What is expected
Go to the line containing "BMW 540i 1997" in the records below and print it and every following line exactly, on through the line containing "PyrPaw Rescue Great Pyrenees dog", then stop.

Data shown
*-*-*

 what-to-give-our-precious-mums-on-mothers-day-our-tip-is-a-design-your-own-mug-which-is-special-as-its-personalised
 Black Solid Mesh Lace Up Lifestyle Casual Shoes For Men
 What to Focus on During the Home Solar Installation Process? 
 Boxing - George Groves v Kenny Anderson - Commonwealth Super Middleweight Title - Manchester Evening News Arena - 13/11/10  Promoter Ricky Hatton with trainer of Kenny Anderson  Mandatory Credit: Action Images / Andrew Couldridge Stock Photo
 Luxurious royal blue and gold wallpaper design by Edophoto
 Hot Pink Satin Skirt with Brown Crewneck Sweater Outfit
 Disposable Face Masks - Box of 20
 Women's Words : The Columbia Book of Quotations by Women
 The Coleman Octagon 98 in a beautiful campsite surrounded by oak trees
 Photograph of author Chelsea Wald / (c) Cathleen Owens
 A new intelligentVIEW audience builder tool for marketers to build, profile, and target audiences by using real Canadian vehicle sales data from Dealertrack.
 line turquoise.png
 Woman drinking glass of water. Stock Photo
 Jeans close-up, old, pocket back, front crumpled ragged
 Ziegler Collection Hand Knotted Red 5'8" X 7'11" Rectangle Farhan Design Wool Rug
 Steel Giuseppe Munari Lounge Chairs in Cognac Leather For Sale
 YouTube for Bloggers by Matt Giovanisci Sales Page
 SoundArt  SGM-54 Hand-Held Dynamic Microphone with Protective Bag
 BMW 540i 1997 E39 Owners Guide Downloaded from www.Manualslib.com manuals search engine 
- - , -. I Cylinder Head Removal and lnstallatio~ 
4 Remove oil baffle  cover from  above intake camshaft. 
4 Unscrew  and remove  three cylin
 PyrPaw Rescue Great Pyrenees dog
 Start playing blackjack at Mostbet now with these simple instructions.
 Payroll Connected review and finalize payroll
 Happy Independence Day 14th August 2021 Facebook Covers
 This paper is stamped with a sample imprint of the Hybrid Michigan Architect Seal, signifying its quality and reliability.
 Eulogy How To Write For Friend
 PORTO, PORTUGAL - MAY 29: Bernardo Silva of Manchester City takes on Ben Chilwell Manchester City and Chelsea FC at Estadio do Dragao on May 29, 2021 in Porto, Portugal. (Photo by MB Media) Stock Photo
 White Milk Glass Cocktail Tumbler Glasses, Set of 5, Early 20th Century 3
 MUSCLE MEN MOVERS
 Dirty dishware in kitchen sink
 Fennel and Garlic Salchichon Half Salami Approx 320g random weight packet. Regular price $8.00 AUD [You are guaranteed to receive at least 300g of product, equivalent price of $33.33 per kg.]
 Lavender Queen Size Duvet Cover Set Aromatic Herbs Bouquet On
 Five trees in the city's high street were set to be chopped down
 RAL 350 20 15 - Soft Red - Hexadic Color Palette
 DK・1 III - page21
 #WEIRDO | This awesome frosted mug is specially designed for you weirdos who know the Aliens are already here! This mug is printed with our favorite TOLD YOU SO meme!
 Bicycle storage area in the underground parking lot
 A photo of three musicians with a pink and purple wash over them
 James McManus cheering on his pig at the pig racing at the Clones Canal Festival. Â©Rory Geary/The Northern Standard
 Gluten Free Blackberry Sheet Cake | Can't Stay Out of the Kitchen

*-*-*

Expected answer
 BMW 540i 1997 E39 Owners Guide Downloaded from www.Manualslib.com manuals search engine 
- - , -. I Cylinder Head Removal and lnstallatio~ 
4 Remove oil baffle  cover from  above intake camshaft. 
4 Unscrew  and remove  three cylin
 PyrPaw Rescue Great Pyrenees dog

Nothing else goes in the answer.